Treatment of tumors in the hand is mostly surgical and consists in complete (radical) excision, as their character is not known preoperatively. It is usually performed in the operating theater, with the patient under adequate anesthesia, and in a bloodless operative field. All resected tumors are routinely sent for histological examination. Recurrences are not uncommon and are dependent on the character of the lesion, completeness of resection, and—to a certain degree—its localization. Removal of tumors arising from specific tissues, i.e., nerves, vessels, or bones, may require sophisticated techniques of reconstruction to avoid compromise of the hand function. In the case of malignant tumors that are preoperatively considered benign, secondary surgery is usually necessary (radicalization of the operation), followed by chemoradiotherapy.
The authors’ institution is the primary center of hand surgery in a part of the country having a population of about 4 million inhabitants, in which the vast majority of hand tumors are treated. The objective of this retrospective study was to investigate the prevalence, character, and demographic characteristics of all hand tumors operated on in 2013 and 2014.
Patients and methods
The patients treated at our institution were mostly referred to us from surgical or family doctors’ outpatient clinics. Patients were included in this study if they met the following criteria: aged 18 years or older, with any soft tissue or bony tumor of the upper extremity, and a histological examination of the excised tumor being available. Exclusion criteria included suspected ganglion cyst, foreign body, arthritis deformity, or osteophyte and high suspicion of malignant tumor (skin carcinoma, melanoma). In all, 246 patients, 74 % of a total of 334 who were operated on for upper extremity tumors in 2014 year, met the inclusion criteria. Histological examination of the tumors was performed in the Department of Pathology at the Pomeranian Medical University in Szczecin. The study was retrospective and the following data were analyzed from the institutional database: age and sex of the patients, tumor location, X-ray examination (if performed), disease duration, and results of the histological examination of the tumor.
Results
A total of 246 patients, 141 women (57 %) and 105 men (43 %), aged a mean of 53 years were included. Duration of the disease (time between the patients noticing the lesion and surgery) was a mean of 4 years (range, 1 month to 30 years). The location of the tumors is shown in Table 2. Almost half of the lesions were localized in the digits, followed by the wrist, metacarpus, and more proximal parts of the limb. The most often-occurring lesion type was giant cell tumor of the tendon sheath, followed by lipoma, epidermal cyst, enchondroma, and hemangioma (Table 3). Soft tissue swellings were much more common than bony lesions (94 vs. 6 %).
Location of tumors
Giant cell tumors of the tendon sheath (n = 58) were localized most commonly on the dorsal (n = 25, 43 %) or palmar side of the digits (n = 17, 29 %), followed by the wrist (n = 9, 16 %) and the palmar metacarpus (n = 7, 12 %). Lipomas (n = 40) were more frequently seen in the forearm and arm (n = 29, 73 %) than in the hand or wrist (n = 11, 27 %). Two tumors were located deep in the thenar muscles and one in the deep palmar space. Of the epidermoid cysts (n = 23), the majority was seen in the skin of the dorsal aspect of the digits and metacarpus (n = 15), and the remaining eight in the wrist and forearm. Enchondromas (n = 16) were most frequently seen in the digits, in the proximal (n = 9), middle (n = 5), and distal phalanges (n = 2). Most of them involved the ring and little fingers (n = 10). Hemangiomas were located mostly on the palmar side of the fingers (n = 8), in the wrist (n = 3), forearm (n = 2), and on the palm (n = 1).
Malignant tumors
In two cases, excised tumors appeared to be malignancies. Both were fibrosarcoma: one mimicking (resembling) a ganglion cyst localized in the wrist, and one with a presentation similar to that of a cystic tumor on the dorsum of the hand.
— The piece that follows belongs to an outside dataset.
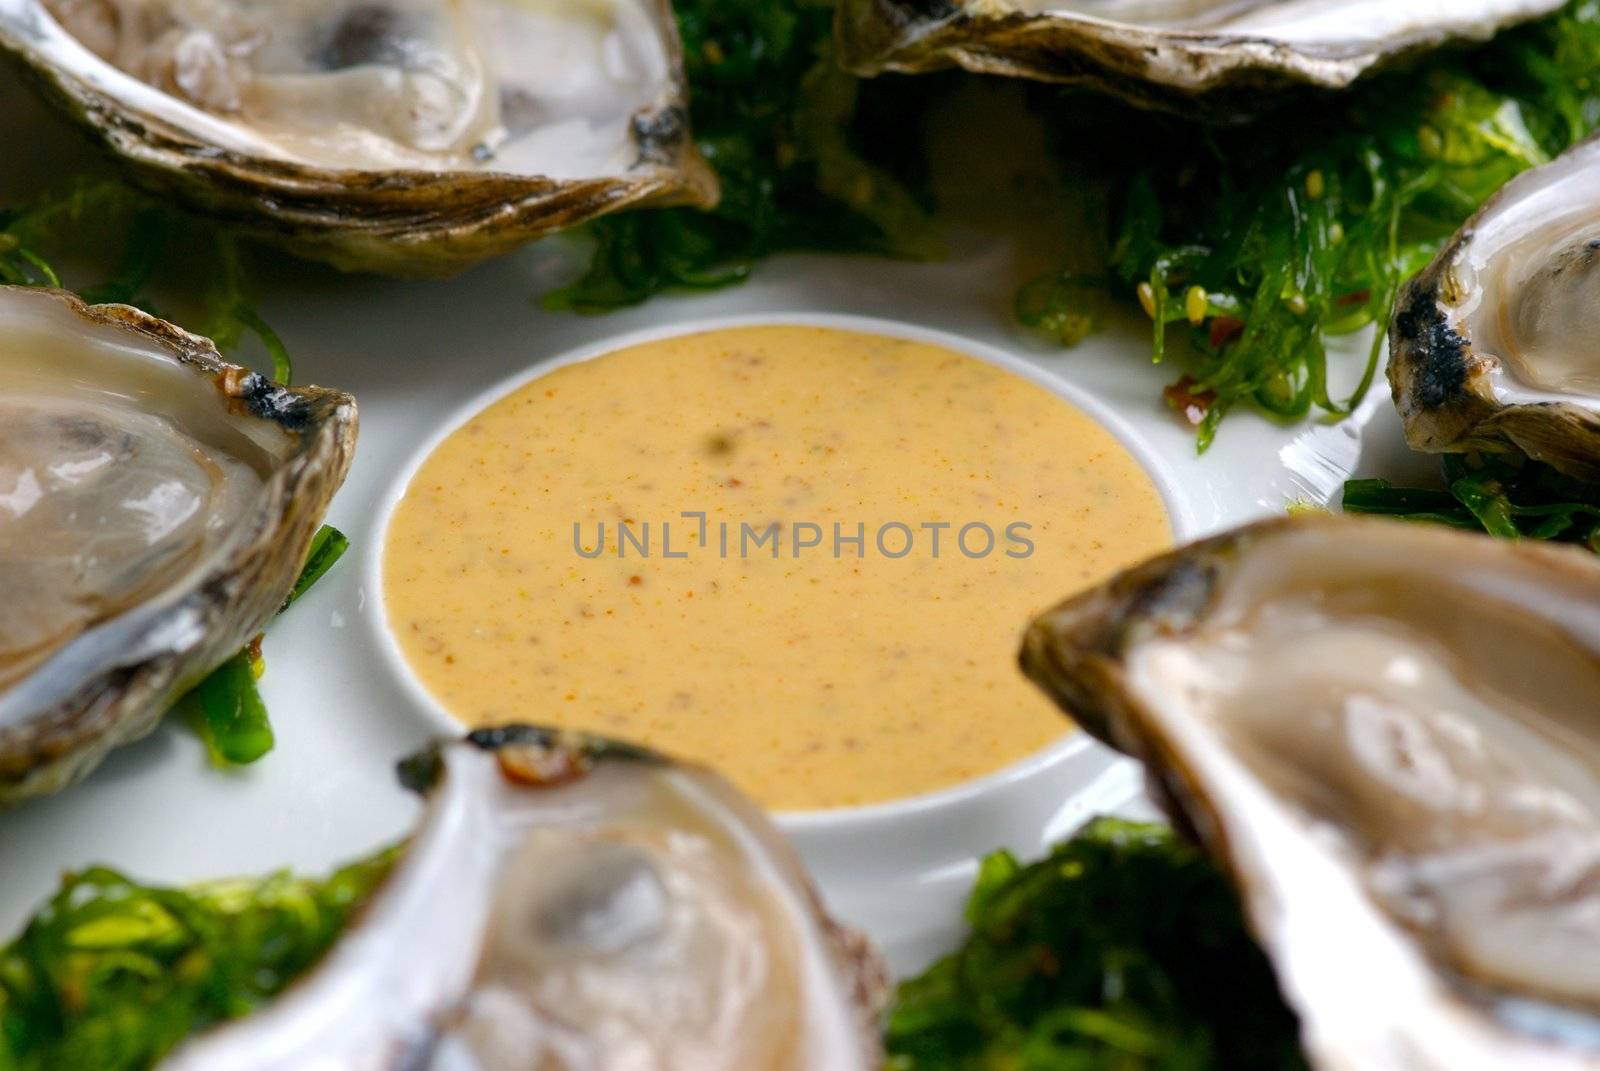 Image of oysters on garnish with sauce

In both cases primary surgery was limited to excision of the lesion, but after diagnosis of the malignancies both patients underwent radicalization of the procedure (extended excision of the scar with oncological margins).
Discussion
Tumors of the hand and entire upper limb are frequent in hand surgeons’ practice. Their presentation, diagnosis, and treatment may be different than for similar lesions affecting other parts of the body, mostly because of the complex anatomy and functional characteristics of the hand [1]. There is discrepancy in the literature regarding the incidence of soft tissue and bony tumors of the upper extremity. In a majority of the studies (including our own), soft tissue lesions had the highest incidence, while some authors report enchondromas to be the most common [4]. This is probably a result of the different patient selection criteria used in the studies, i.e., a proportion of minor soft tissue lesions may be operated on in outpatient settings and thus not be recorded in clinical databases. Management of bone tumors almost always requires hospital admission.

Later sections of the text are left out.